If you learn a skill, then partially forget it, does relearning part of that skill induce recovery of other parts of the skill? More generally, if you learn a set of associations, then partially forget them, does relearning a subset induce recovery of the remaining associations? In previous work, in which participants learned the layout of a scrambled computer keyboard, the answer to this question appeared to be “yes.” More recently, we modeled this “free-lunch learning” effect using artificial neural networks, in which the synaptic strength between each pair of model neurons is a connection weight. We proved that if forgetting is induced by allowing each weight value to drift randomly, then free-lunch learning is almost inevitable. However, if, after learning a set of associations, forgetting is induced by allowing each connection weight to decay or fall toward zero, then relearning a subset of associations decreases performance on the remaining associations. This suggests that evolution may have selected physiological mechanisms that involve forgetting using a form of synaptic drift rather than synaptic decay, because synaptic drift yields free-lunch learning, whereas decay does not.

Figures

Citation: Stone JV, Jupp PE (2008) Falling towards Forgetfulness: Synaptic Decay Prevents Spontaneous Recovery of Memory. PLoS Comput Biol 4(8): e1000143. https://doi.org/10.1371/journal.pcbi.1000143

Editor: Karl J. Friston, University College London, United Kingdom

Received: December 7, 2007; Accepted: June 25, 2008; Published: August 22, 2008

Copyright: © 2008 Stone, Jupp. This is an open-access article distributed under the terms of the Creative Commons Attribution License, which permits unrestricted use, distribution, and reproduction in any medium, provided the original author and source are credited.

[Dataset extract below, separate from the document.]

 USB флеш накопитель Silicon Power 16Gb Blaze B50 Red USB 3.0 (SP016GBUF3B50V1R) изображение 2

Funding: No funding was received for this work.

Competing interests: The authors have declared that no competing interests exist.

Introduction

The idea that structural changes underpin the formation of new memories can be traced to the 19th century [1]. More recently, Hebb proposed that “When an axon of cell A is near enough to excite B and repeatedly or persistently takes part in firing it, some growth process or metabolic change takes place in one or both cells such that A's efficiency, as one of the cells firing B, is increased” [2]. It is now widely accepted that learning involves some form of Hebbian adaptation, and a growing body of evidence suggests that Hebbian adaptation is associated with the long-term potentiation (LTP) observed in neuronal systems [3]. LTP is an increase in synaptic efficacy which occurs in the presence of pre-synaptic and post-synaptic activity, and can be specific to a single synapse. One consequence of Hebbian adaptation is that information regarding a specific association is distributed amongst many synaptic connections, and therefore gives rise to a distributed representation of each association.

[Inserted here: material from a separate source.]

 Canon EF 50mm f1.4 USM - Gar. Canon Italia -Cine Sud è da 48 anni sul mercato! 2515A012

In [4], participants learned the layout of letters on a “scrambled” keyboard. After a period of forgetting, participants relearned a subset of letter positions. Crucially, this improved performance on the remaining (i.e., nonrelearned) letter positions. However, whereas relearning some associations shows evidence of FLL in some studies [4]–[6], this is not found in not all studies [7]. This discrepancy may be because the many studies performed to investigate this general phenomenon use a wide variety of different materials and procedures, with some measuring recall and others measuring recognition performance, for example. However, within the realms of psychology, one relevant effect is known as part-set cueing inhibition.

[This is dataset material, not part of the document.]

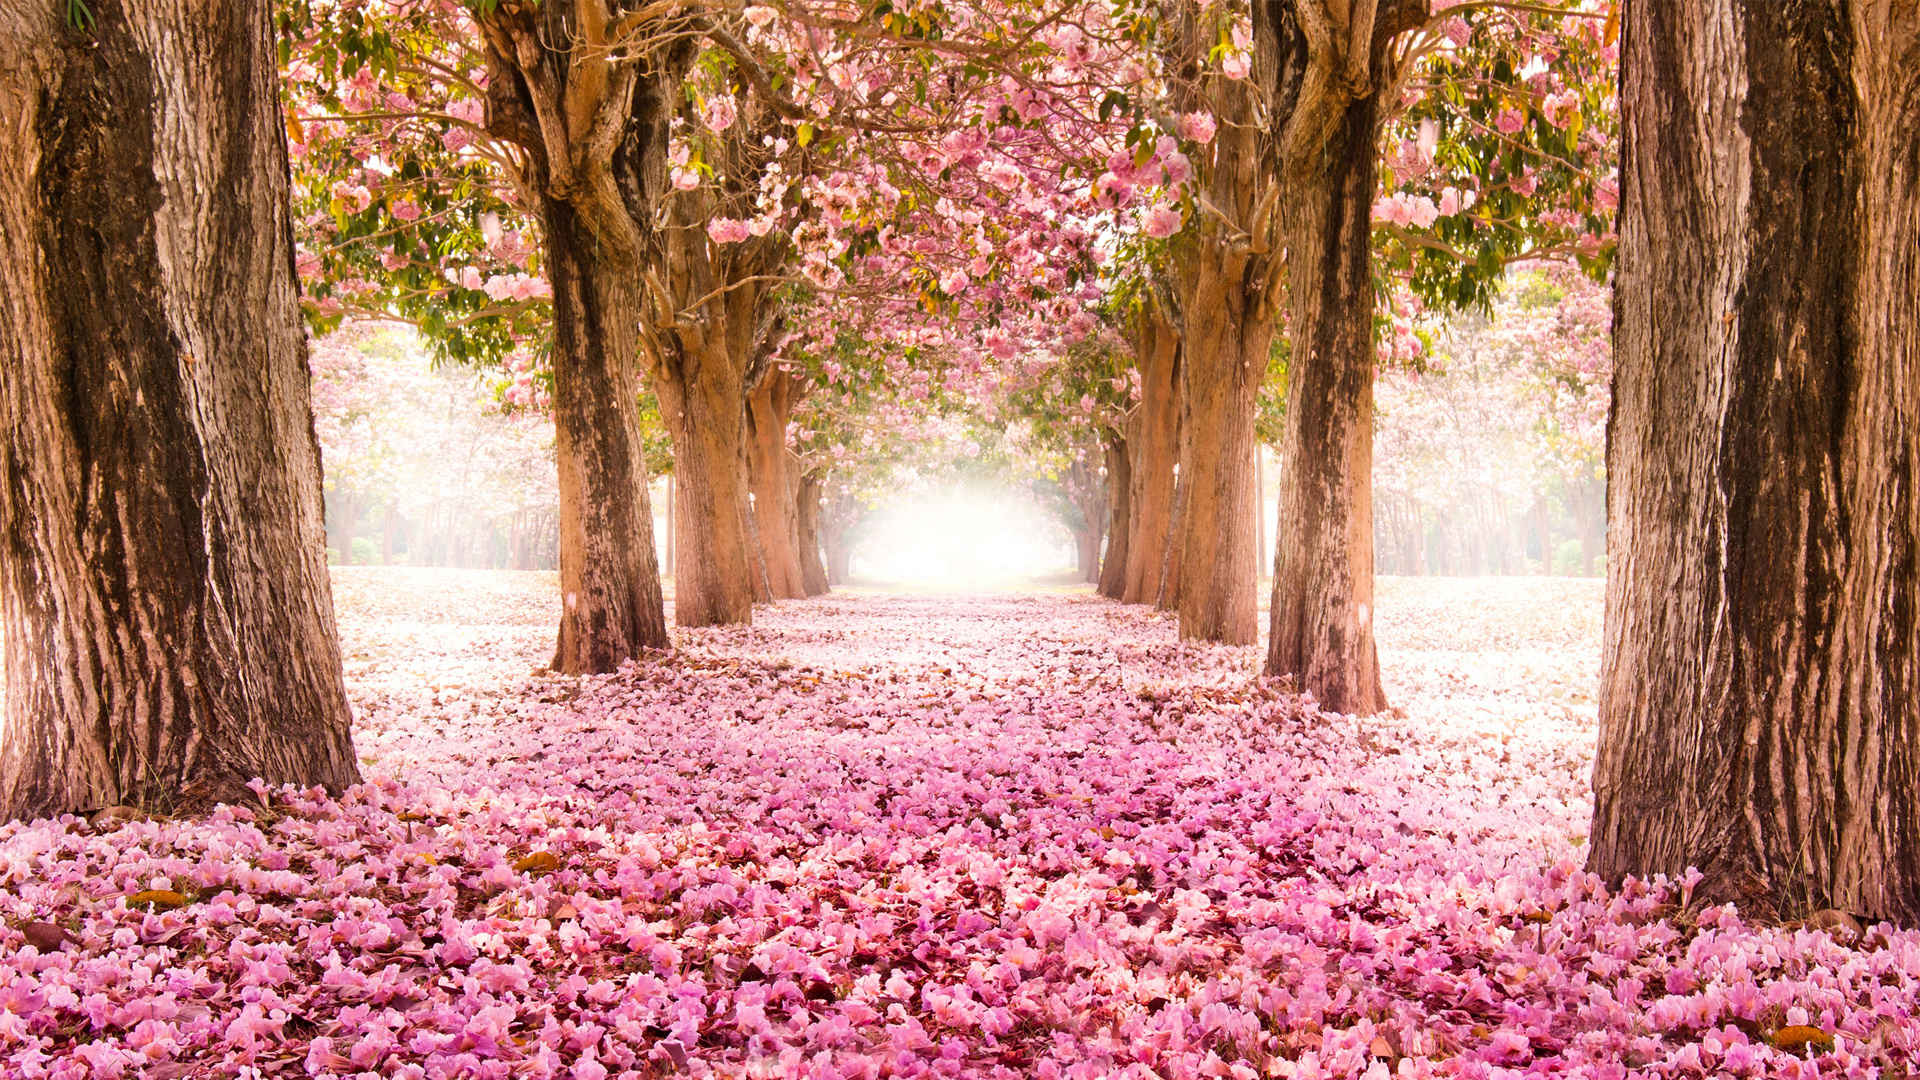 粉红色的樱花小道风景桌面壁纸-

Part-set cueing inhibition [8] occurs when a subject is exposed to part of a set of previously learned items, which is found to reduce recall of nonrelearned items. However, [9] showed that a learned row of words was better recalled if the cues consisted of a subset of words placed in their learned positions than if cue words were placed in other positions. In this case, part-set cueing seems to improve performance, but only if each “part” appears in the spatial position in which it was originally learned. This position-specificity is consistent with the FLL effect reported using the “scrambled keyboard” procedure in [4] but has no obvious concomitant in network models (e.g., [4],[10],[11]).

If the brain stores information as distributed representations, then each neuron contributes to the storage of many associations. Therefore, relearning some old and partially forgotten associations should affect the integrity of other associations learned at about the same time. As noted above, previous work has shown that relearning some forgotten associations does not disrupt other associations, but partially restores them. This FLL effect has also been demonstrated in neural network models ([10],[12]), where it can accelerate evolution of adaptive behaviors [13]. Crucially, in [12], the proof that relearning some associations partially restores other associations assumes that forgetting is caused by the addition of isotropic noise to connection weights, which could result from the cumulative effect of small random changes in connection weights. In contrast, here we prove that if forgetting is induced by shrinking weights towards zero, so that weights “fall” towards the origin, then relearning some associations disrupts other associations.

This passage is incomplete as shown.